Only one stretch of the data should be retyped: the lines from the line containing "Святой Апостол Иаков, брат" through the line containing "De entree van". Keep pictures out of it.

── Records shown

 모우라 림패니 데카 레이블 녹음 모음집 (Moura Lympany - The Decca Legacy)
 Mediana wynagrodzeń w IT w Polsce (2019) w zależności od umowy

────
── Records shown

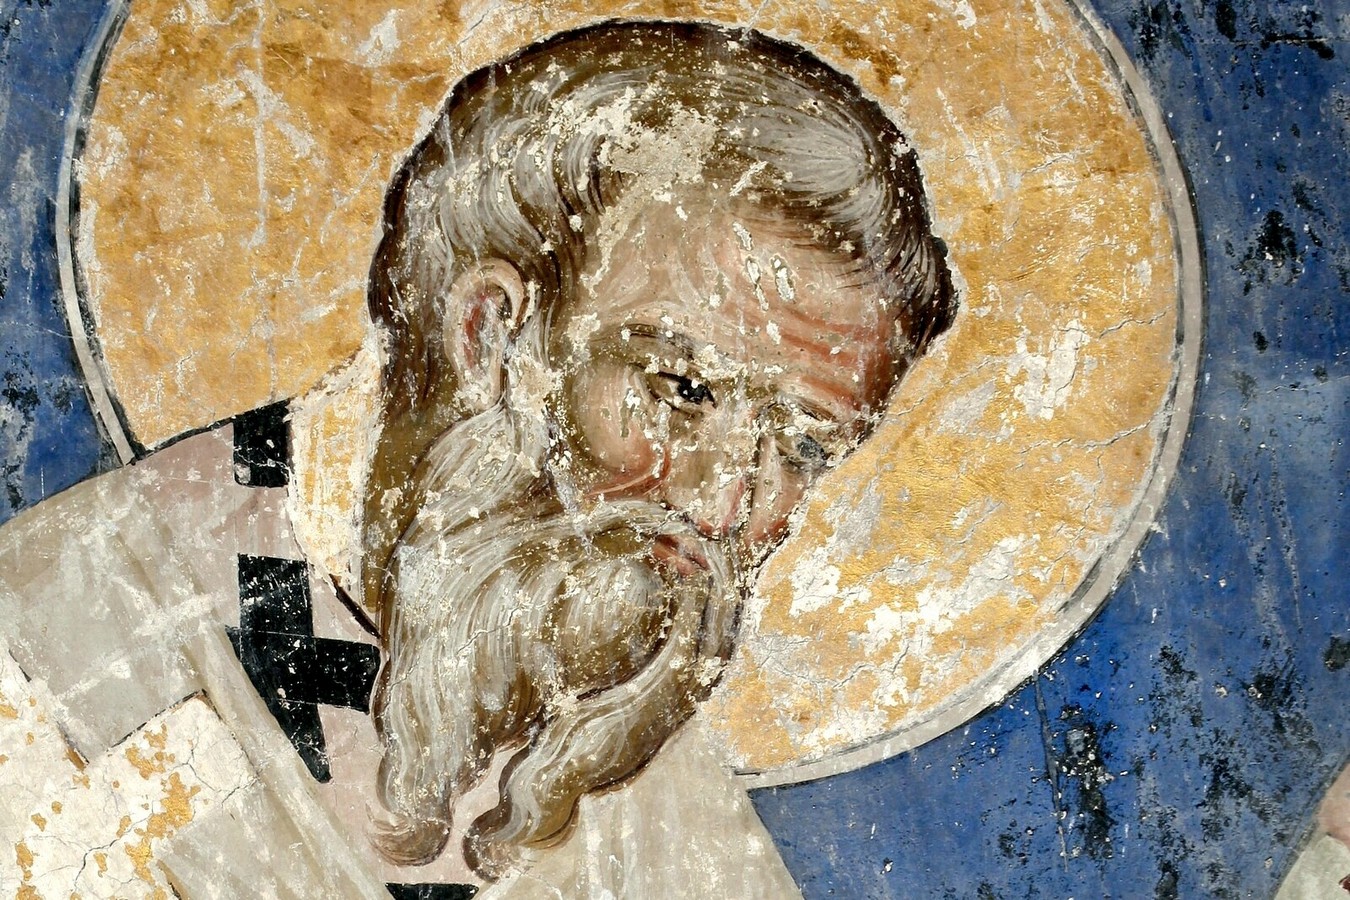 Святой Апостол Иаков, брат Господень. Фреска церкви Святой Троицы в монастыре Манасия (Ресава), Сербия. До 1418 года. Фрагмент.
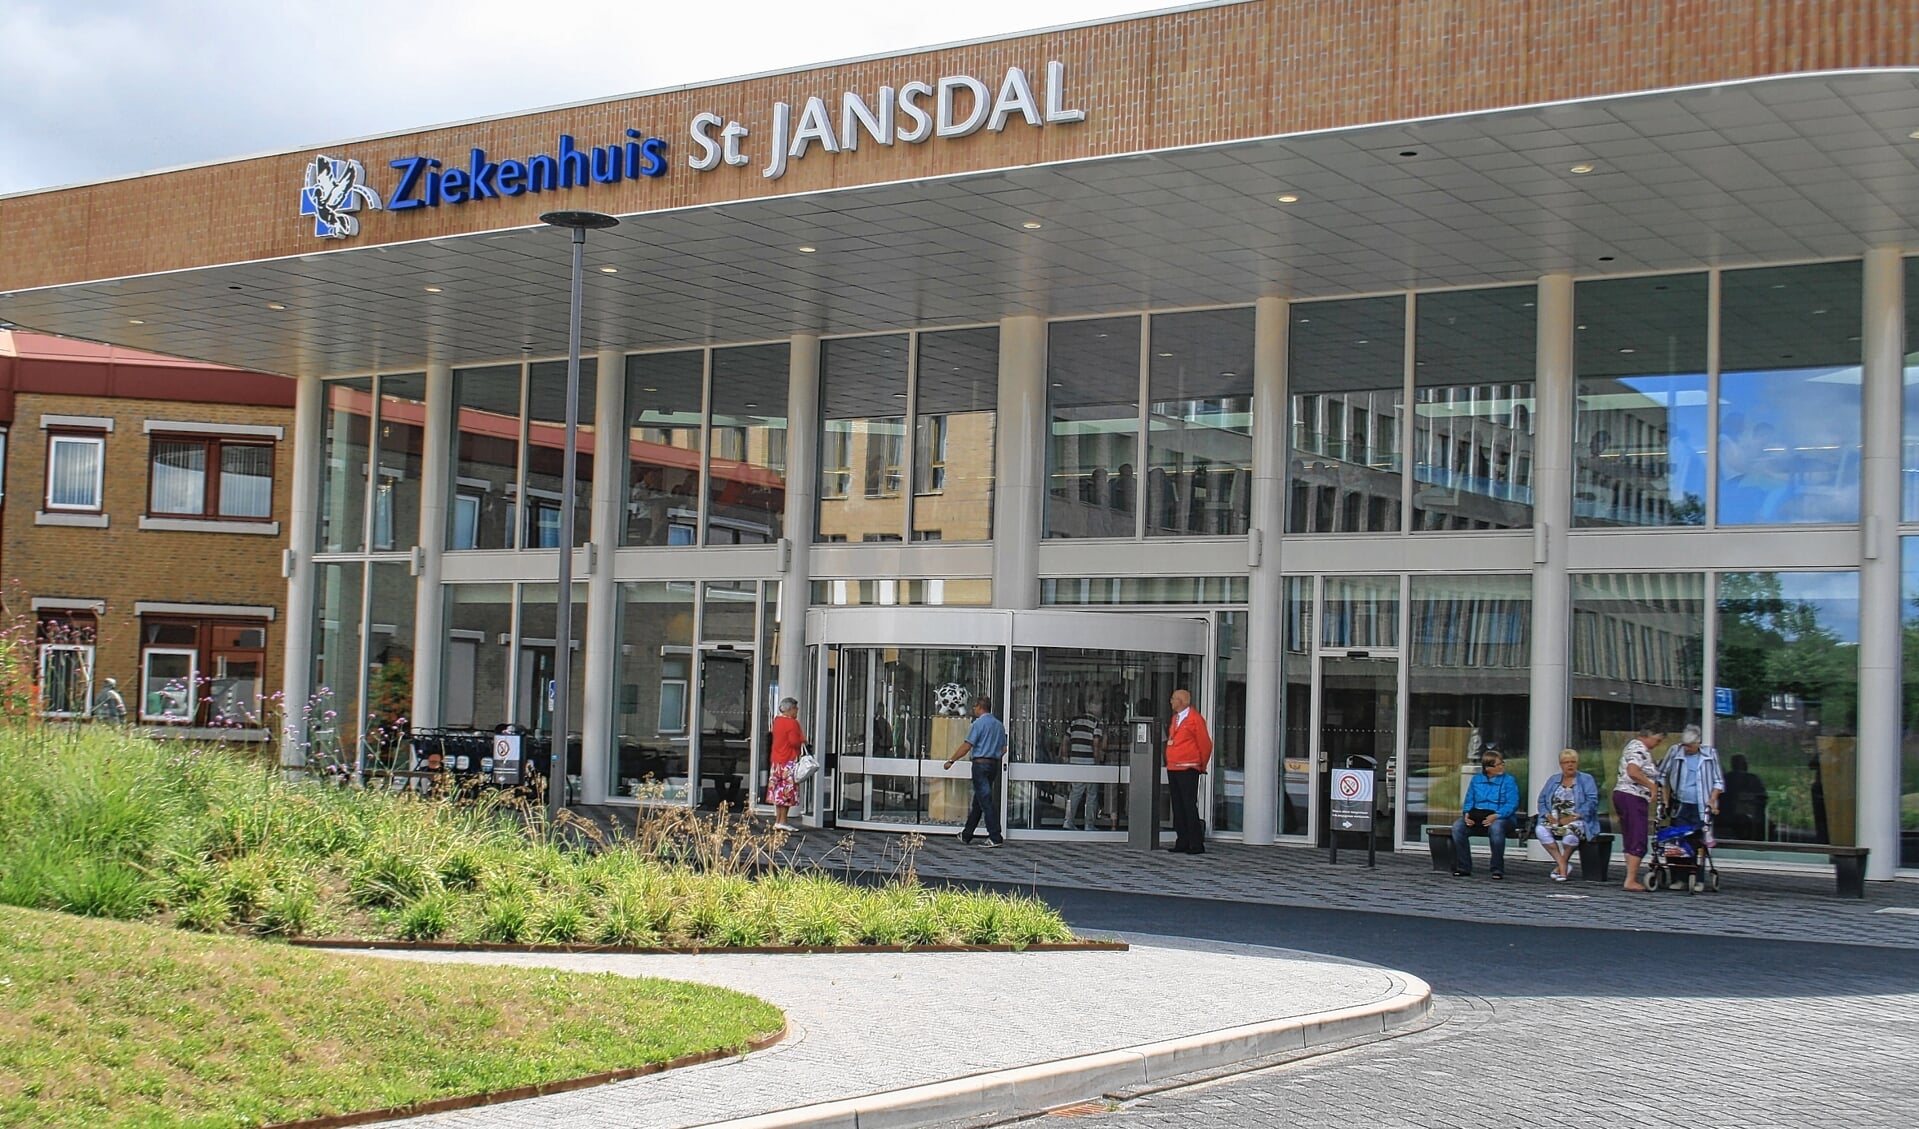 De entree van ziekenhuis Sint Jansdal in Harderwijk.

────
── Records shown

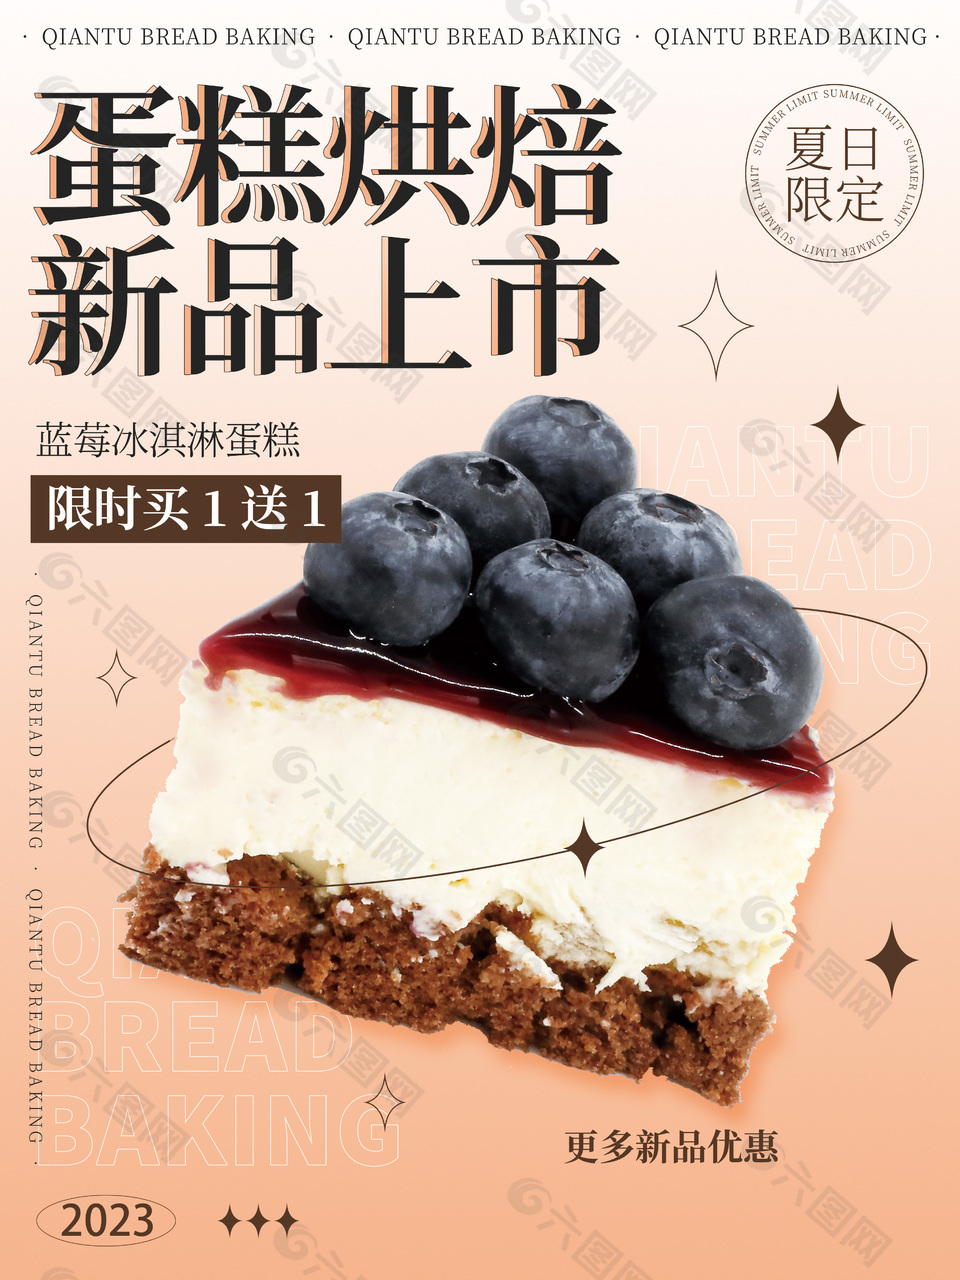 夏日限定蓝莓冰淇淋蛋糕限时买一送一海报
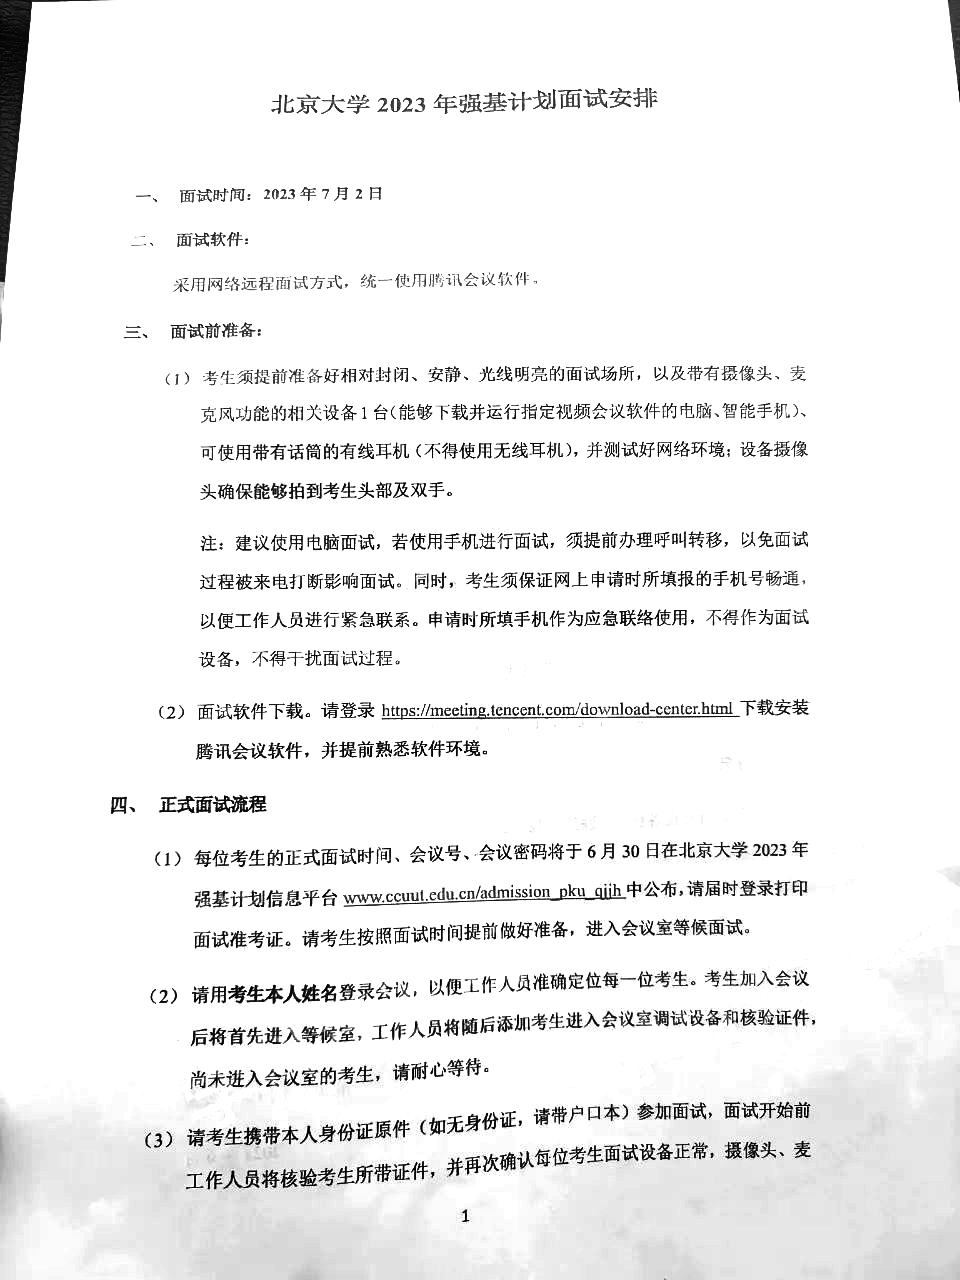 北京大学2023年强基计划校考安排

────

** Worked solution **
 Святой Апостол Иаков, брат Господень. Фреска церкви Святой Троицы в монастыре Манасия (Ресава), Сербия. До 1418 года. Фрагмент.
 De entree van ziekenhuis Sint Jansdal in Harderwijk.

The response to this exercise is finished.